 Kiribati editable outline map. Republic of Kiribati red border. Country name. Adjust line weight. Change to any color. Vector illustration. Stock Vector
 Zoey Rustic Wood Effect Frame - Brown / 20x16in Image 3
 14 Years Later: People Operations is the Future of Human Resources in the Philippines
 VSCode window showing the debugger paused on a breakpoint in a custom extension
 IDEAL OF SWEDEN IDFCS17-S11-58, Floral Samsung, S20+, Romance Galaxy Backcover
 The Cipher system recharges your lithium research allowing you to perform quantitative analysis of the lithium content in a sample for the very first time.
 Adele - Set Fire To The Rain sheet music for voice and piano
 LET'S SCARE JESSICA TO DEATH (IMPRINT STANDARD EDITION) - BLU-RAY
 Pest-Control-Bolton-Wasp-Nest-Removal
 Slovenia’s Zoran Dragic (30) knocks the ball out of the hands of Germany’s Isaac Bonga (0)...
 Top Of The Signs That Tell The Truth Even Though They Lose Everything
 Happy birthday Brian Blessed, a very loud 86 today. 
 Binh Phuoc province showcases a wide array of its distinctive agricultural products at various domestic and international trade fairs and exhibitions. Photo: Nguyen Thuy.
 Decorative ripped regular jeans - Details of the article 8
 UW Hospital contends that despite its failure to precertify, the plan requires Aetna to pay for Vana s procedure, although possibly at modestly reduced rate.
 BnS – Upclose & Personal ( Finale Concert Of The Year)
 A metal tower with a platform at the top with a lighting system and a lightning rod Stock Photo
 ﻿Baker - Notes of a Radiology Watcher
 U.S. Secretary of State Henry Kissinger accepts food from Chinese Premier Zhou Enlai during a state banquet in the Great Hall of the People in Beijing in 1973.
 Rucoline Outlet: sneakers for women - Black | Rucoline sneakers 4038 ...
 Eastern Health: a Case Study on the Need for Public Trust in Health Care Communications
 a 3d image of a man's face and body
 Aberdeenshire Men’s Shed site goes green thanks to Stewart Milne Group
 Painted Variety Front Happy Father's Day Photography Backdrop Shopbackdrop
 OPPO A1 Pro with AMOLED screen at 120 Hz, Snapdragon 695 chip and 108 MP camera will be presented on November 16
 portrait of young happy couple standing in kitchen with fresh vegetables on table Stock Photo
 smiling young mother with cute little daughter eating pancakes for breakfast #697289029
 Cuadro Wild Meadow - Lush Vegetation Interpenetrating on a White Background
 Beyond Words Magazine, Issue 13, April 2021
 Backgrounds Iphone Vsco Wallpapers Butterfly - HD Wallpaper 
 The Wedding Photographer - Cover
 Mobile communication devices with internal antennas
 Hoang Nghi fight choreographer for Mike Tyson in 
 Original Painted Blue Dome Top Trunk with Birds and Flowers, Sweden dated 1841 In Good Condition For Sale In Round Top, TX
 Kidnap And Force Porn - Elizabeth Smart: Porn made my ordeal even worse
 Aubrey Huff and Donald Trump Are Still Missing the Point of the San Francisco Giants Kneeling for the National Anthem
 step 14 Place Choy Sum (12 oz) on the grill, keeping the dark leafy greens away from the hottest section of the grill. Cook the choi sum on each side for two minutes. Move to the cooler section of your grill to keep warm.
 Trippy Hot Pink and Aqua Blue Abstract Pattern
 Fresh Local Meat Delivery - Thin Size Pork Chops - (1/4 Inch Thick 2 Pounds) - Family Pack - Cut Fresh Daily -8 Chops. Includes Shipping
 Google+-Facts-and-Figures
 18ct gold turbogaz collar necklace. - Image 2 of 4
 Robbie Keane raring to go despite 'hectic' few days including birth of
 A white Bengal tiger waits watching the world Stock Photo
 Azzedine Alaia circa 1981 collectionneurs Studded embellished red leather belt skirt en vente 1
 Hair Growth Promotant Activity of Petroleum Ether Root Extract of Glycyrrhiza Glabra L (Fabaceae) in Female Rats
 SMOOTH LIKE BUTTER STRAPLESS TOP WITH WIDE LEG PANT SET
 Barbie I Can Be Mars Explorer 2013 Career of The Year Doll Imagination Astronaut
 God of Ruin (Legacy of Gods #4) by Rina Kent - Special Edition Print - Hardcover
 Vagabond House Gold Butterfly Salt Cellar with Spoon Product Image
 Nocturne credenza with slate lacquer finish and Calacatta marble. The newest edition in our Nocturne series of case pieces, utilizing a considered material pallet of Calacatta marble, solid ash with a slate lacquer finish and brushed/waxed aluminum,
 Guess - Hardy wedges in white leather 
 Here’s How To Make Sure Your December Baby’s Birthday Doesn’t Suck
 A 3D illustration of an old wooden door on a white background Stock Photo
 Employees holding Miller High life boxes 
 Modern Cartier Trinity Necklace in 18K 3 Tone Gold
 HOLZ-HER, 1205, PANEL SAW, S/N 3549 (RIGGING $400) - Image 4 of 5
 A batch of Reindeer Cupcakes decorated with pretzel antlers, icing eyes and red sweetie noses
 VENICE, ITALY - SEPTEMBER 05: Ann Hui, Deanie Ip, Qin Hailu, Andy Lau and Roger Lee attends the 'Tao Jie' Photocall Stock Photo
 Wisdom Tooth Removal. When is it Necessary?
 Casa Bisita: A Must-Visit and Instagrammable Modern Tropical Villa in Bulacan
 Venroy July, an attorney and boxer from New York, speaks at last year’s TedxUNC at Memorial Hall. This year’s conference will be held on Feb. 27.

• **Task details**
Repeat every line of the records, exactly as given.

• **Answer**
 Kiribati editable outline map. Republic of Kiribati red border. Country name. Adjust line weight. Change to any color. Vector illustration. Stock Vector
 Zoey Rustic Wood Effect Frame - Brown / 20x16in Image 3
 14 Years Later: People Operations is the Future of Human Resources in the Philippines
 VSCode window showing the debugger paused on a breakpoint in a custom extension
 IDEAL OF SWEDEN IDFCS17-S11-58, Floral Samsung, S20+, Romance Galaxy Backcover
 The Cipher system recharges your lithium research allowing you to perform quantitative analysis of the lithium content in a sample for the very first time.
 Adele - Set Fire To The Rain sheet music for voice and piano
 LET'S SCARE JESSICA TO DEATH (IMPRINT STANDARD EDITION) - BLU-RAY
 Pest-Control-Bolton-Wasp-Nest-Removal
 Slovenia’s Zoran Dragic (30) knocks the ball out of the hands of Germany’s Isaac Bonga (0)...
 Top Of The Signs That Tell The Truth Even Though They Lose Everything
 Happy birthday Brian Blessed, a very loud 86 today. 
 Binh Phuoc province showcases a wide array of its distinctive agricultural products at various domestic and international trade fairs and exhibitions. Photo: Nguyen Thuy.
 Decorative ripped regular jeans - Details of the article 8
 UW Hospital contends that despite its failure to precertify, the plan requires Aetna to pay for Vana s procedure, although possibly at modestly reduced rate.
 BnS – Upclose & Personal ( Finale Concert Of The Year)
 A metal tower with a platform at the top with a lighting system and a lightning rod Stock Photo
 ﻿Baker - Notes of a Radiology Watcher
 U.S. Secretary of State Henry Kissinger accepts food from Chinese Premier Zhou Enlai during a state banquet in the Great Hall of the People in Beijing in 1973.
 Rucoline Outlet: sneakers for women - Black | Rucoline sneakers 4038 ...
 Eastern Health: a Case Study on the Need for Public Trust in Health Care Communications
 a 3d image of a man's face and body
 Aberdeenshire Men’s Shed site goes green thanks to Stewart Milne Group
 Painted Variety Front Happy Father's Day Photography Backdrop Shopbackdrop
 OPPO A1 Pro with AMOLED screen at 120 Hz, Snapdragon 695 chip and 108 MP camera will be presented on November 16
 portrait of young happy couple standing in kitchen with fresh vegetables on table Stock Photo
 smiling young mother with cute little daughter eating pancakes for breakfast #697289029
 Cuadro Wild Meadow - Lush Vegetation Interpenetrating on a White Background
 Beyond Words Magazine, Issue 13, April 2021
 Backgrounds Iphone Vsco Wallpapers Butterfly - HD Wallpaper 
 The Wedding Photographer - Cover
 Mobile communication devices with internal antennas
 Hoang Nghi fight choreographer for Mike Tyson in 
 Original Painted Blue Dome Top Trunk with Birds and Flowers, Sweden dated 1841 In Good Condition For Sale In Round Top, TX
 Kidnap And Force Porn - Elizabeth Smart: Porn made my ordeal even worse
 Aubrey Huff and Donald Trump Are Still Missing the Point of the San Francisco Giants Kneeling for the National Anthem
 step 14 Place Choy Sum (12 oz) on the grill, keeping the dark leafy greens away from the hottest section of the grill. Cook the choi sum on each side for two minutes. Move to the cooler section of your grill to keep warm.
 Trippy Hot Pink and Aqua Blue Abstract Pattern
 Fresh Local Meat Delivery - Thin Size Pork Chops - (1/4 Inch Thick 2 Pounds) - Family Pack - Cut Fresh Daily -8 Chops. Includes Shipping
 Google+-Facts-and-Figures
 18ct gold turbogaz collar necklace. - Image 2 of 4
 Robbie Keane raring to go despite 'hectic' few days including birth of
 A white Bengal tiger waits watching the world Stock Photo
 Azzedine Alaia circa 1981 collectionneurs Studded embellished red leather belt skirt en vente 1
 Hair Growth Promotant Activity of Petroleum Ether Root Extract of Glycyrrhiza Glabra L (Fabaceae) in Female Rats
 SMOOTH LIKE BUTTER STRAPLESS TOP WITH WIDE LEG PANT SET
 Barbie I Can Be Mars Explorer 2013 Career of The Year Doll Imagination Astronaut
 God of Ruin (Legacy of Gods #4) by Rina Kent - Special Edition Print - Hardcover
 Vagabond House Gold Butterfly Salt Cellar with Spoon Product Image
 Nocturne credenza with slate lacquer finish and Calacatta marble. The newest edition in our Nocturne series of case pieces, utilizing a considered material pallet of Calacatta marble, solid ash with a slate lacquer finish and brushed/waxed aluminum,
 Guess - Hardy wedges in white leather 
 Here’s How To Make Sure Your December Baby’s Birthday Doesn’t Suck
 A 3D illustration of an old wooden door on a white background Stock Photo
 Employees holding Miller High life boxes 
 Modern Cartier Trinity Necklace in 18K 3 Tone Gold
 HOLZ-HER, 1205, PANEL SAW, S/N 3549 (RIGGING $400) - Image 4 of 5
 A batch of Reindeer Cupcakes decorated with pretzel antlers, icing eyes and red sweetie noses
 VENICE, ITALY - SEPTEMBER 05: Ann Hui, Deanie Ip, Qin Hailu, Andy Lau and Roger Lee attends the 'Tao Jie' Photocall Stock Photo
 Wisdom Tooth Removal. When is it Necessary?
 Casa Bisita: A Must-Visit and Instagrammable Modern Tropical Villa in Bulacan
 Venroy July, an attorney and boxer from New York, speaks at last year’s TedxUNC at Memorial Hall. This year’s conference will be held on Feb. 27.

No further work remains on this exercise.